── Data block

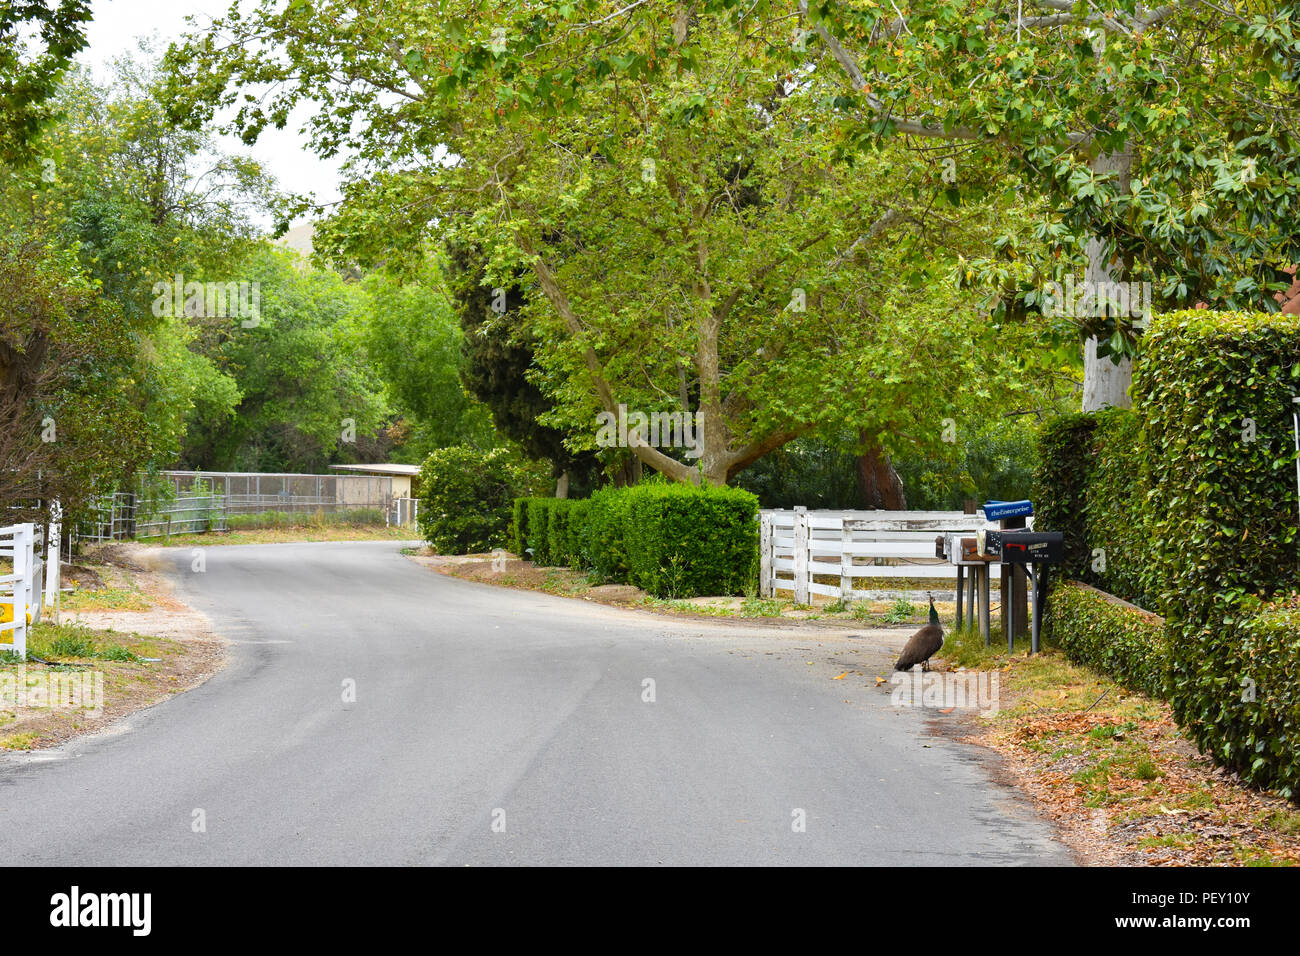 Simi Valley, CA. - Una tranquila comunidad aislada en las estribaciones de Simi Valley, CA. con un pavo real a lo largo de la sinuosa carretera. Foto de stock
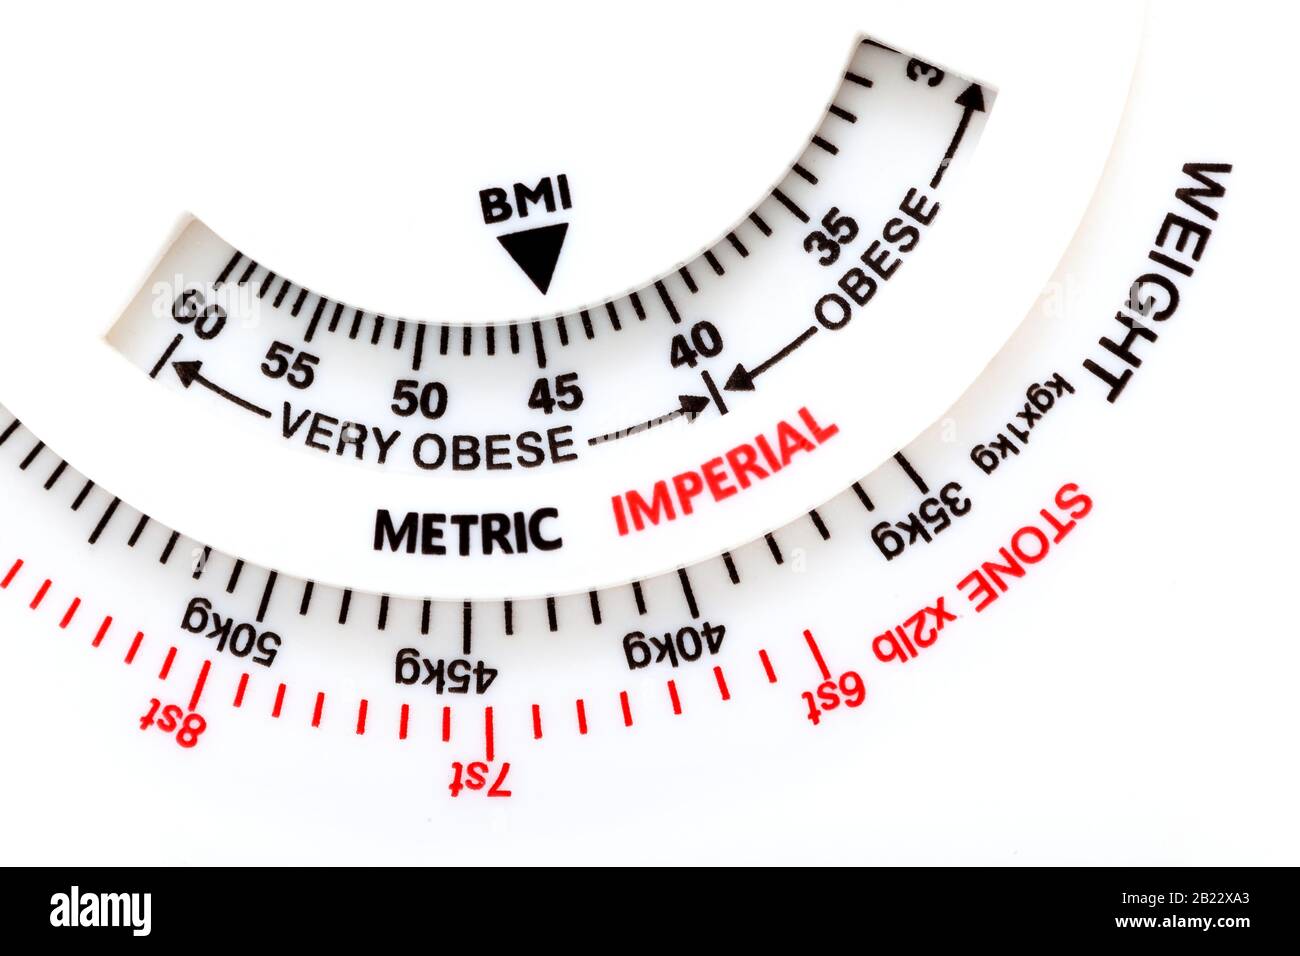 Einfaches BMI-Messgerät für den Body-Mass-Index, Gewichtsmessung,  Adipositas-Problem abstraktes Messen des Gewichts und Berechnen des BMI-Pfeils,  der auf zeigt Stockfotografie - Alamy
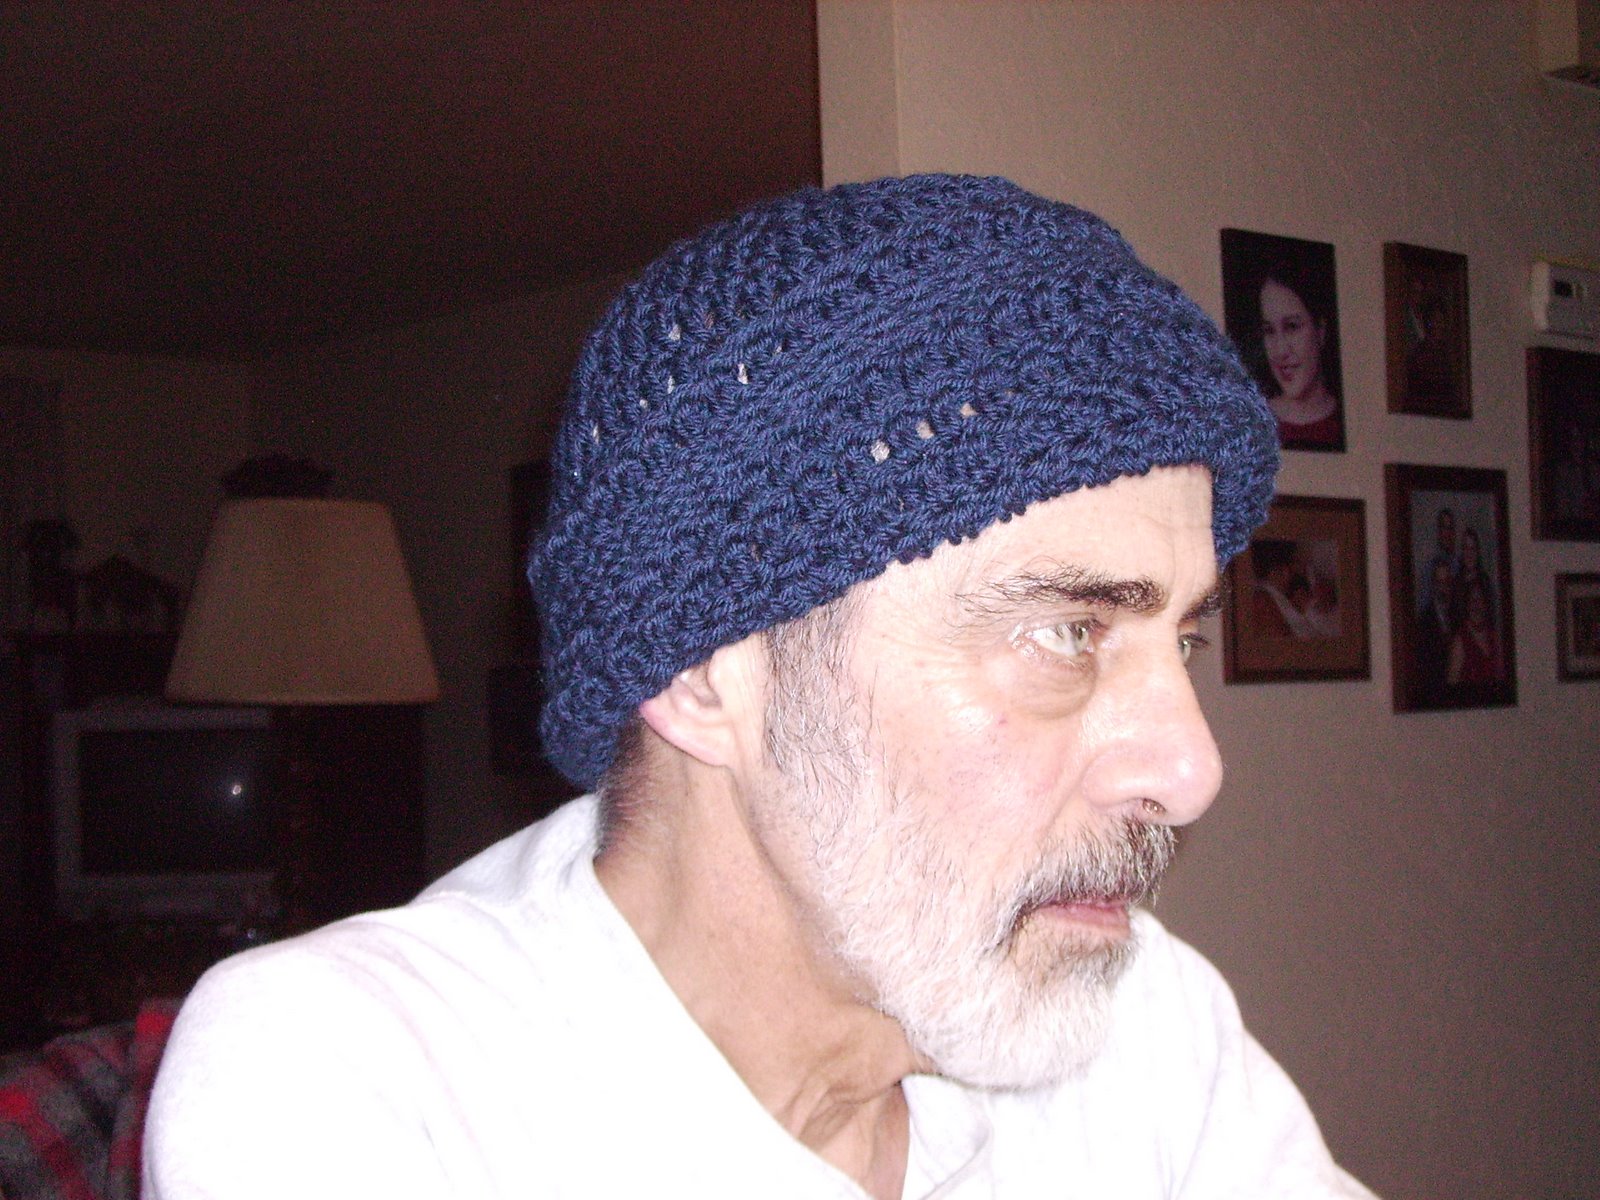 [Don+in+crochet+hat+2.jpg]

────

### [The problem]
Write out the data in full and exactly as given, though without the images.

### [Your solution]
 Simi Valley, CA. - Una tranquila comunidad aislada en las estribaciones de Simi Valley, CA. con un pavo real a lo largo de la sinuosa carretera. Foto de stock
 Einfaches BMI-Messgerät für den Body-Mass-Index, Gewichtsmessung,  Adipositas-Problem abstraktes Messen des Gewichts und Berechnen des BMI-Pfeils,  der auf zeigt Stockfotografie - Alamy
 [Don+in+crochet+hat+2.jpg]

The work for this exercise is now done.